Delphi gives lots of grate abstractions for data pointers, so we can work without ever touching an pointer. We have Objects (class instances) and good implementations for most data structures (string, TObjectList, dynamic arrays).
When do we use Pointers?
We essentially use pointers to implement more of the grate stuff that Delphi provides for us. I can give examples of what I've used pointers for, but I find it more interesting to give examples of what others have used pointers for:
TVirtualTree: Makes good use of pointers to data.
Pascal Script for Delphi: Makes extensive use of raw pointers to code!
Let's start with a definition, taken from Wikipedia:
A pointer is a programming language
data type whose value refers directly
to (or "points to") another value
stored elsewhere in the computer
memory using its address.
All computers address memory and to do so the machine language that they execute must do so using pointers.
However, high level languages do not need to include pointers explicitly. Some examples of those that do not are LISP, Java, C#, Perl, Python, but there are many more.
I'm interpreting your question to be why languages support explicit pointer use, since all languages use pointers implicitly.
Delphi descends from Pascal which is a rather primitive language when viewed from the 21st century. Pascal pointers are the only way to use references. In modern Pascal derivatives, e.g. Delphi, have many types of data that are reference based, but implicitly so. For example I'm thinking of strings, object instances, interfaces and so on.
It is perfectly possible to write any program in Delphi without resorting to explicit pointers. The modern trend away from explicit pointers is down to the observation that explicit pointer code is more prone to errors than the alternatives.
I don't think there's any real reason to carry on using explicit pointer code in Delphi. Perhaps very time critical algorithms may push you that way, but I'm really struggling to think of anything that is significantly better implemented with pointers than with the alternatives.
Personally I avoid using explicit pointers wherever feasible. It generally makes code easier to write, verify and maintain, in my experience.
1) Classes are pointers. Strings are pointers. The compiler pretty much hides this from you but you do need to understand this when debugging.
2) Any sort of tree structure needs pointers.
I use a lot of custom data structures in my programs (for instance, in my own scripting language /interpreter/, where I store the structures, or "records", used in this language - these can contain other records and the nesting is unrestricted). I do this at the very lowest level, namely, I allocate a number of bytes on the heap, and then I read, parse, and write to these completely manually. To this end, I need pointers to point to the bytes in the allocated blocks.

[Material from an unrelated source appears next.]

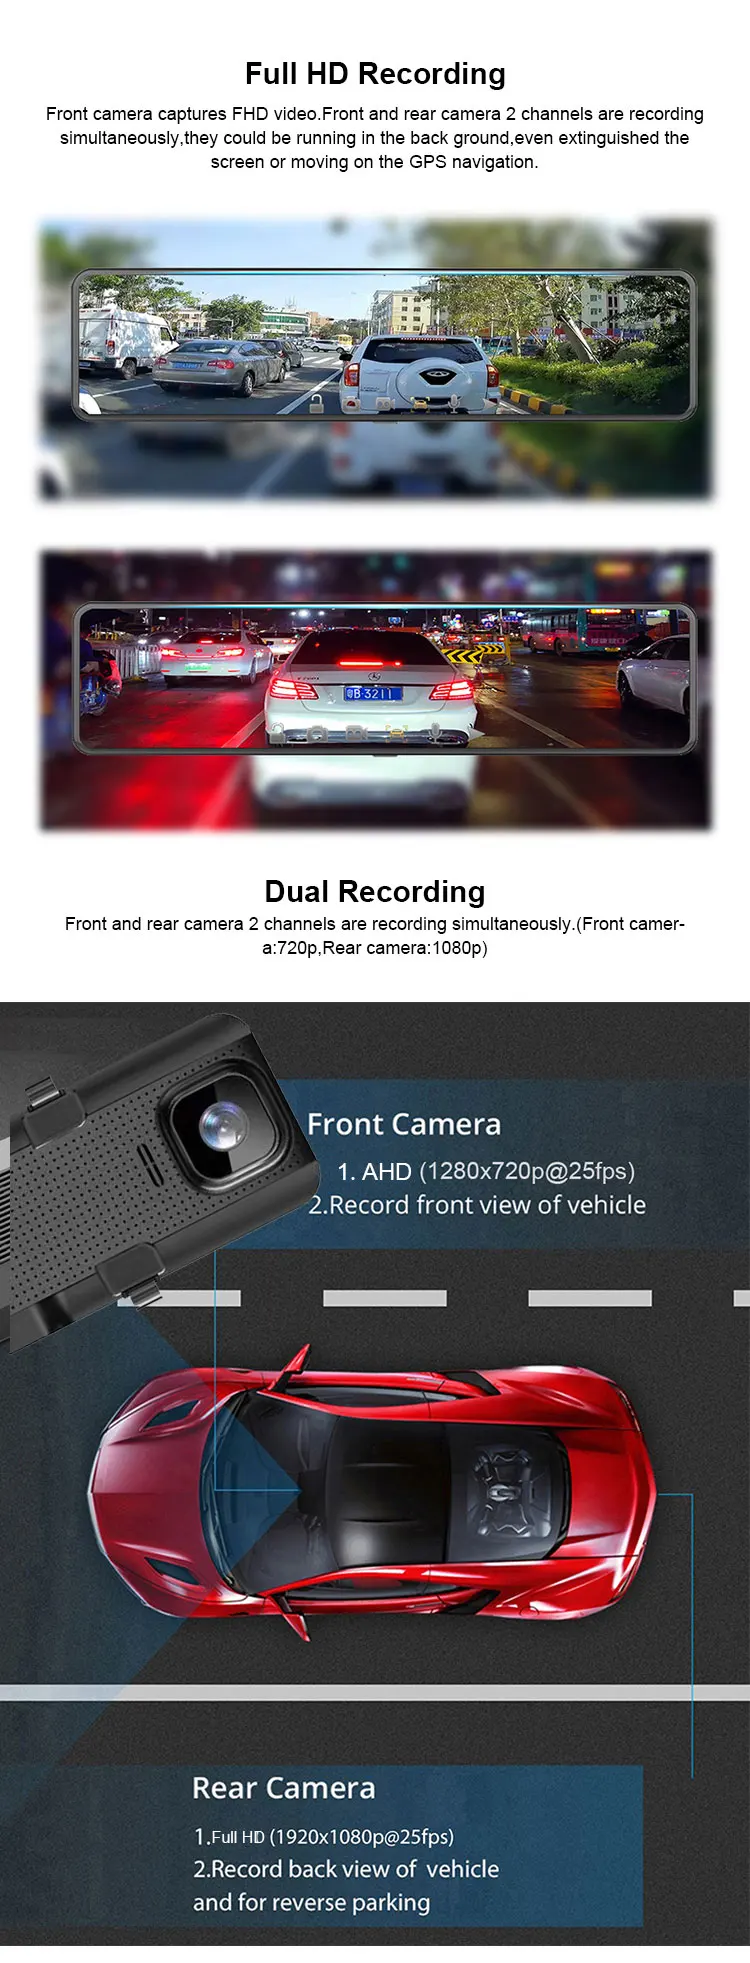 Hawkeye 12" rear view mirror 4G Android 8.1 car camera GPS Navigation 2G RAM 32G ROM ADAS FHD 1080P dash cam video recorder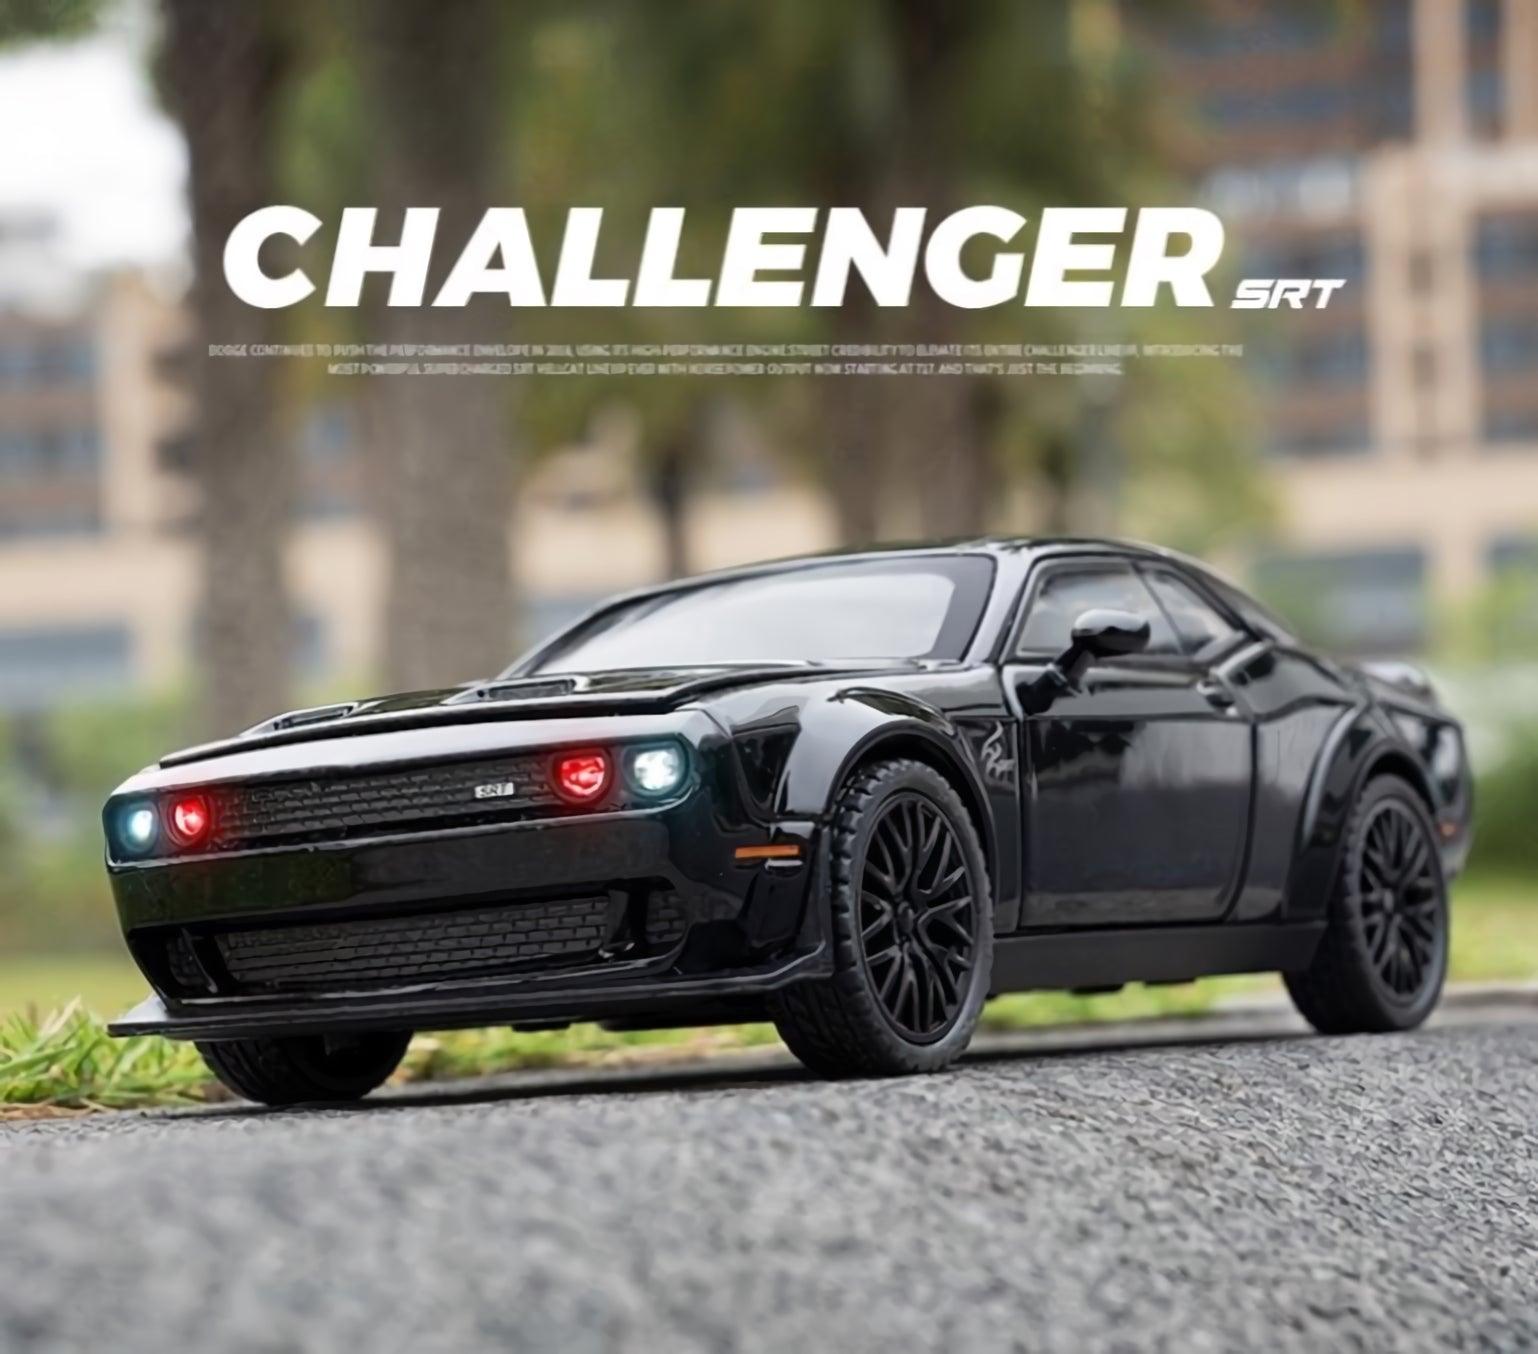 1:32 Scale Challenger SRT Die-Cast Model Car - PANSEKtoy

Typically, the blocks consists of "records" that reference each other in some ways. In addition, many of these structures can be written to file (that is, I have also designed my own binary file formats), simply by copying from the heap (in RAM) to the disk byte-by-byte.
Pointers (memory addresses) are a basic CPU type to access memory. Whatever language you use to write an application, when it comes to the CPU it has to use "pointers" to work.
Thereby they are a low-level type which allows a huge degree of versatility, at the price of a somewhat more complex management and the risk of accessing or writing the wrong memory if not used correctly.
You could let a language translate your data to pointers and memory buffers, or use pointers directly if the language allows for it. Being able to do it allows for direct and optimized memory access and management.
I thought I could add my salt to the soup, but the answers above say it mostly all. There's one more thing though. I remember being scared when I saw all those referencing and dereferencing operators (in different languages) and all the magic that was done with pointers. I didn't dare to look the devil in the eye for YEARS. I preferred to ineffectively copy data instead of going down the pointer path.
Today though, I do love pointers. Working with pointers makes you aware of what happens under the hood. And it makes you aware of the memory you are playing with (responsibly). Practically it allows you to code more effitiently and consciously! Last but not least it turns out to be quite fun to play with such simple but powerful toys.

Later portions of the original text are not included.